Our study investigated the prognostic significance of m6A-related lncRNAs in 84 OS patients from the TARGET dataset. We identified a total of 111 m6A-related lncRNA in our study, and eight m6A-related lncRNAs were selected by conducting a univariate Cox analysis. We then performed a KEGG analysis and a GO analysis according to the cluster assignments.. Six m6A-related lncRNAs (RP11-286E11.1, LINC01426, AC010127.3, DLGAP1-AS2, RP4-657D16.3, and AC002398.11) were identified in a LASSO Cox analysis as the most suitable risk score model for prognosis. The application value of the model was tested with ROC curve analysis and KM survival curves. In addition, a univariate and multivariate Cox regression analysis also confirmed the validity of the model.

According to GO analysis, the m6A-related lncRNAs are enriched in histone H3-K27 methylation, pericentric heterochromatin, and phosphatase activator activity. Histone H3 mutations have been found to play a role in a variety of cancers, such as paediatric brain tumors [22]. Penin et al. reported that pericentric heterochromatin of chromosome 9 was the primary target of HSF1 in both normal and tumor heat-shocked cells [23]. Zheng et al. found that LINC00174 promotes the metastasis and growth of OS through upregulating slingshot protein phosphatase 2 expression [24]. A KEGG analysis found that the m6A-related lncRNAs are enriched in the mTOR pathway. Mickymaray et al. found that rhaponticin can inhibit OS growth by inhibiting the PI3K-Akt-mTOR pathway [25]. Liu et al. reported that miR-140 inhibits OS development by influencing ubiquitin-specific protease 22 and promoting p21 expression [26].

A number of studies have suggested that m6A modification may play a regulatory role in the development of cancer.

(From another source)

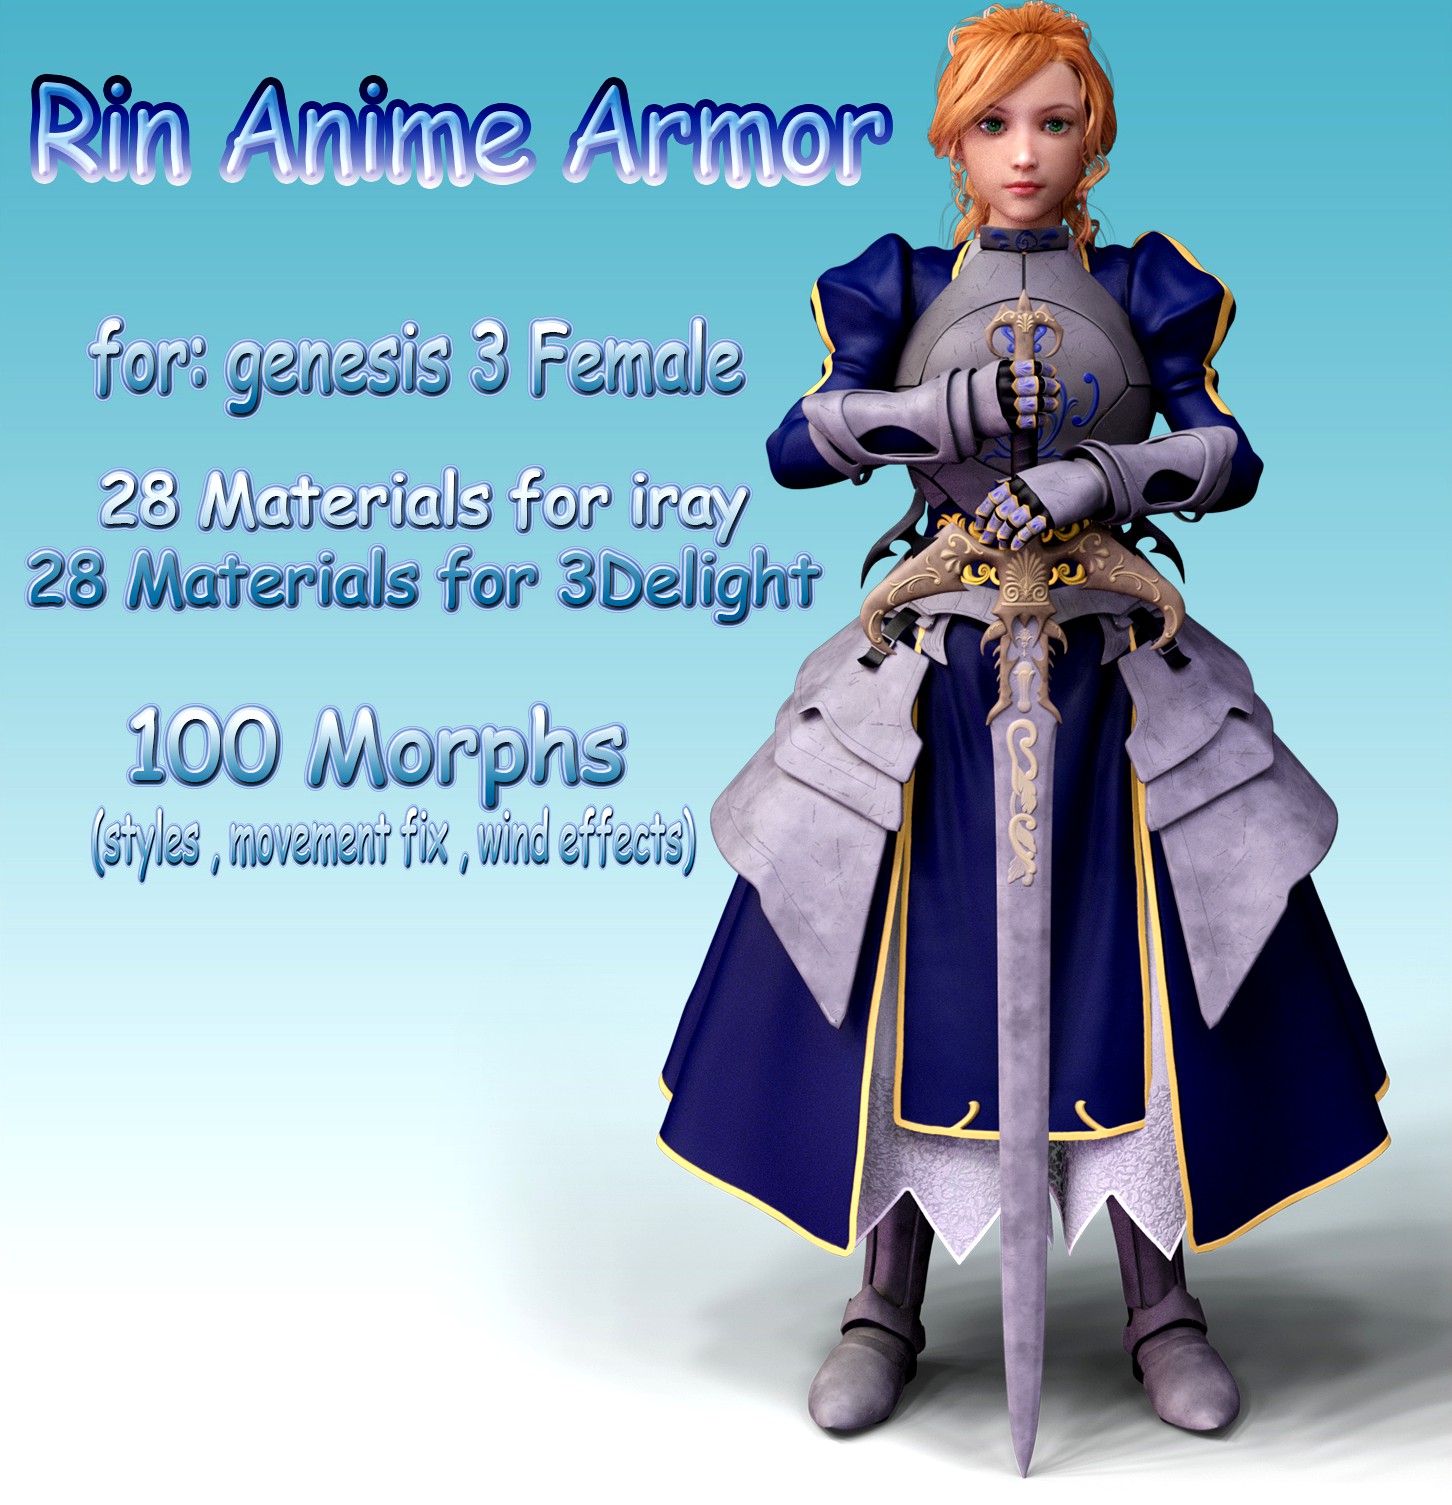 Rin Anime Armor for G3F

M6A-related could serve as new therapeutic targets and prognostic biomarkers for OS [27]. Miao et al. found that METTL3 regulates m6A levels of LEF1 and activates the Wnt/β-Catenin signaling pathway to promote OS progression [28]. Zhou et al. demonstrated that METTL3 acts as an oncogene in OS by regulating ATAD2 [29]. Liu et al. reported that METTL14 overexpression promotes OS cell apoptosis and inhibits tumor progression by activating caspase3 [30]. Chen et al. reported that WTAP promotes OS growth and metastasis by inhibiting HMBOX1 expression [31]. Yuan et al. found that ALKBH5 suppresses OS progression by inhibiting the pre-miR-181b-1/YAP signaling axis [32]. However, the role of m6A-related lncRNAs in OS is still unclear. We found that our risk score model built with six m6A-related lncRNAs could accurately predict the prognosis of OS. Liu et al. found that LINC01426 facilitates the progression and stemness in lung adenocarcinoma [19]. In addition, LINC01426 accelerates glioblastoma progression by regulating miR-345-3p/VAMP8 signaling axis [33]. Liu et al. reported DLGAP1-AS2 is associated with poor prognosis in cholangiocarcinoma [34]. In hepatocellular carcinoma cell, DLGAP1-AS2 knockdown inhibits cell metastasis by regulating miR-154-5p methylation [21]. We also discovered upregulated levels of DLGAP1-AS2 and m6A methylation in osteosarcoma tissues/cells compared with normal tissues/osteoblasts cells. Among the six m6A-related lncRNAs used to construct the risk prognosis model, several genes have been reported to be associated with tumor prognosis such as respiratory system tumors and digestive system tumors [35, 36]. However, no research has reported the relationship between OS and these genes or how the lncRNAs interact with m6A-related genes. Therefore, the aim of our study is to identify lncRNAs associated with OS prognosis and provide new targets to prevent poor OS prognosis. A limitation is that we have not further researched the role of m6A-related lncRNAs in osteosarcoma through cell and in vivo studies. Using the dataset downloaded from TRAGET, we constructed a risk score prognosis model of m6A-related lncRNAs. By dividing all samples into test groups and training groups, we verified the value of the model. However, the role of m6A-related lncRNAs in osteosarcoma needs to be further researched by cell and in vivo studies.